Le «Gitagovinda» – l’histoire d’amour entre la bergère Radha et Krishna, avatar de Vishnou, l’une des trois grandes divinités de l’hindouisme –, qui remonte au XIIe siècle, a été illustré dans l’une des séries les plus célèbres et les plus précieuses de la peinture indienne vers 1775. L’exposition vous invite à approfondir davantage cette œuvre poétique et à vous plonger dans ce fabuleux récit. Qu’il s’agisse des miniatures conservées au Musée Rietberg – le plus vaste ensemble et le plus complet – ou de pièces provenant d’autres collections, ces images ont le pouvoir d’enchanter quiconque les contemple.

JAM/réd

japon: découvrir les surimono de l’école shijO¯

Puisque vous êtes sur place, jetez un œil à l’expo consacrée à la tradition naturaliste de l’école Shij¯o qui compte parmi les principaux courants artistiques au Japon entre la fin du XVIIIe et le début du XXe siècle.
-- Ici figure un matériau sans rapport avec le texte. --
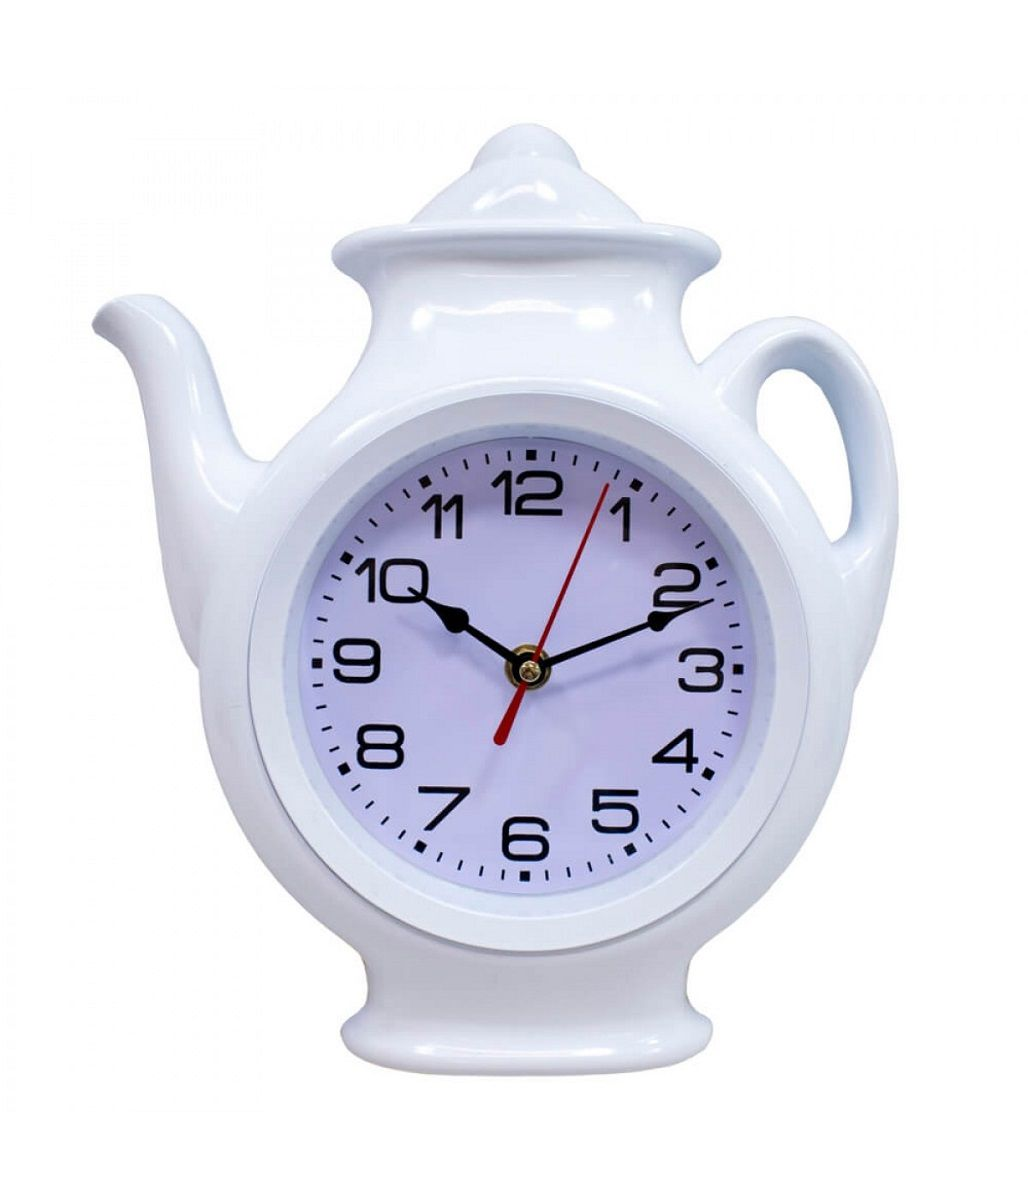 Relógio De Parede Analógico  Branco Bule 29x24.5cm

Ces surimono de l’école Shij¯o – des cartes avec poèmes et illustrations imprimées – de la donation de Gisela Müller et Erich Gross combinent les vers de haïku avec des images lyriques et humoristiques des artistes de tradition picturale décorative et naturaliste Shij¯o. Produits pour des cercles de poésie amateurs, ces œuvres séduisent par leurs motifs riches de fantaisie et leurs palettes de couleurs attrayantes.

Le quartier de Kyoto où se trouvait l’atelier de Matsumura Goshun (1752-1811), son fondateur, dans la 4e avenue («Shij¯o»), a donné son nom à cette tradition picturale. A l’origine, toutes les estampes gravées sur bois étaient appelées surimono, mais à partir du début du XVIIe siècle, ce terme sera surtout utilisé pour des estampes produites en tirages limités et distribuées sous forme de cadeau à des particuliers. Elles n’étaient pas réalisées à des fins commerciales, mais pour annoncer différents événements ou manifestations – représentations théâtrales ou concerts, inauguration d’un magasin, changement de nom, et, le plus souvent, comme carte de vœux du Nouvel An.
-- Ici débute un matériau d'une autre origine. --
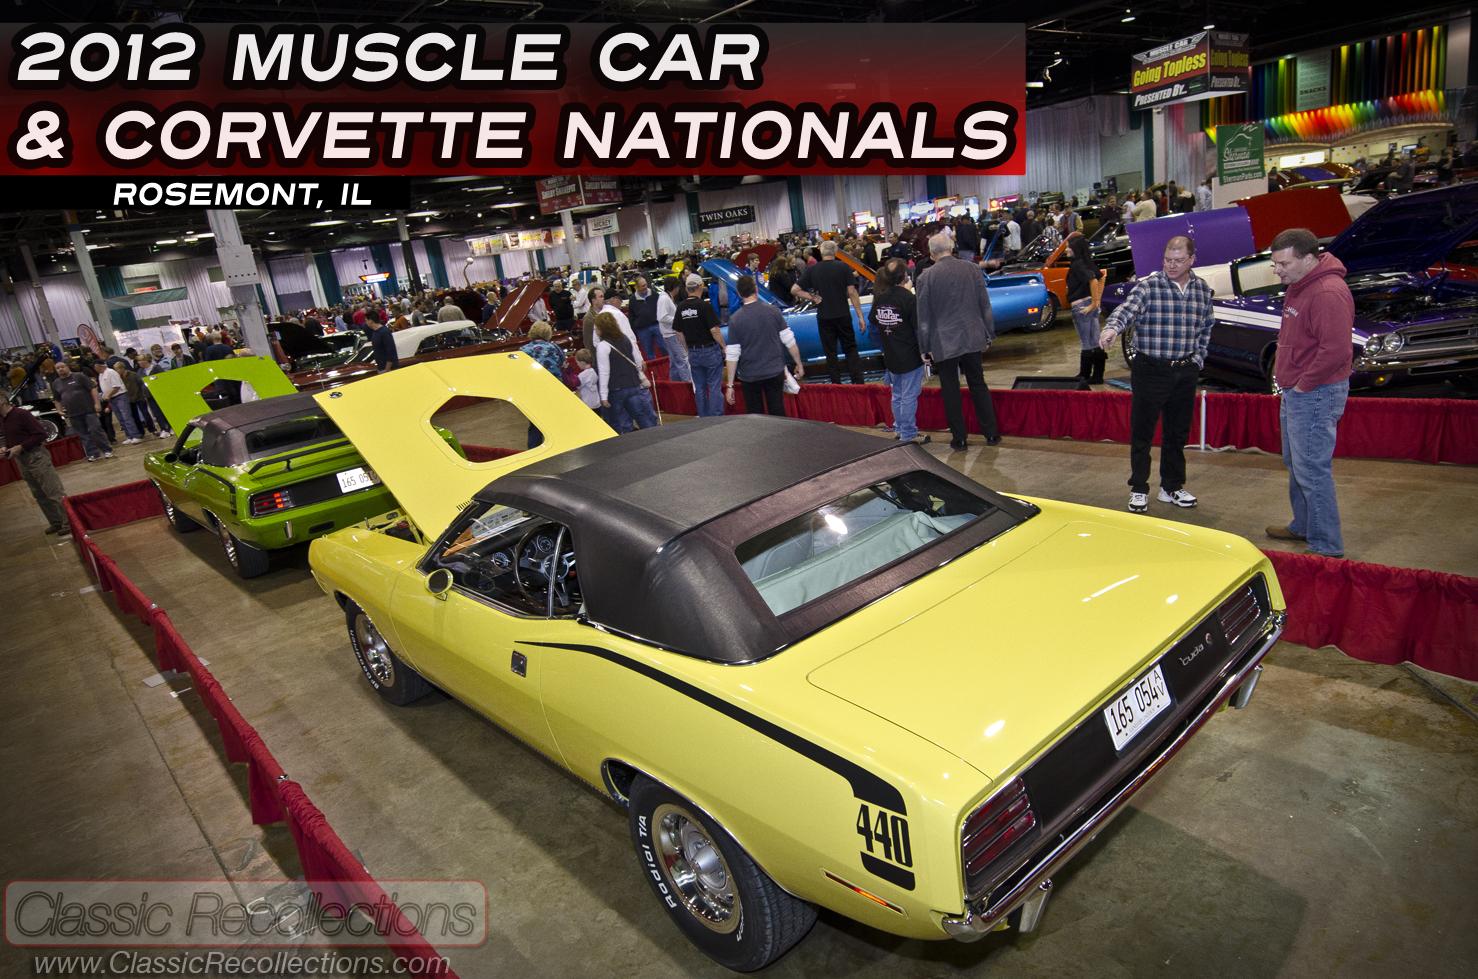 Mcacn 2012 Muscle Car Corvette National Rosemont Illinois

La plupart des surimono étaient toutefois des commandes de cercles littéraires qui désiraient publier le résultat d’un concours de poèmes. Dans une première phase, la poésie occupait donc une place centrale, l’illustration ne jouant qu’un rôle accessoire, et parfois même, les poèmes étaient publiés sans être illustrés. Les quelques 80 estampes sont présentées pour la première fois en public. Les poèmes illustrés font part d’un groupe de surimono, dans lequel on trouve des vers de 17 syllabes, dits haikai (fr. «haïkaï»), que nous connaissons aujourd’hui sous le nom de haiku (fr. «haïku»). L’expressivité subtile des illustrations est absolument fascinante: ces fleurs et ces animaux, ces paysages idylliques, ces objets d’usage courant ou les scènes de la vie quotidienne, tracés d’un pinceau alerte au moyen de quelques traits, touchent encore aujourd’hui le spectateur à cause de leur charme irrésistible et de leur atmosphère poétique.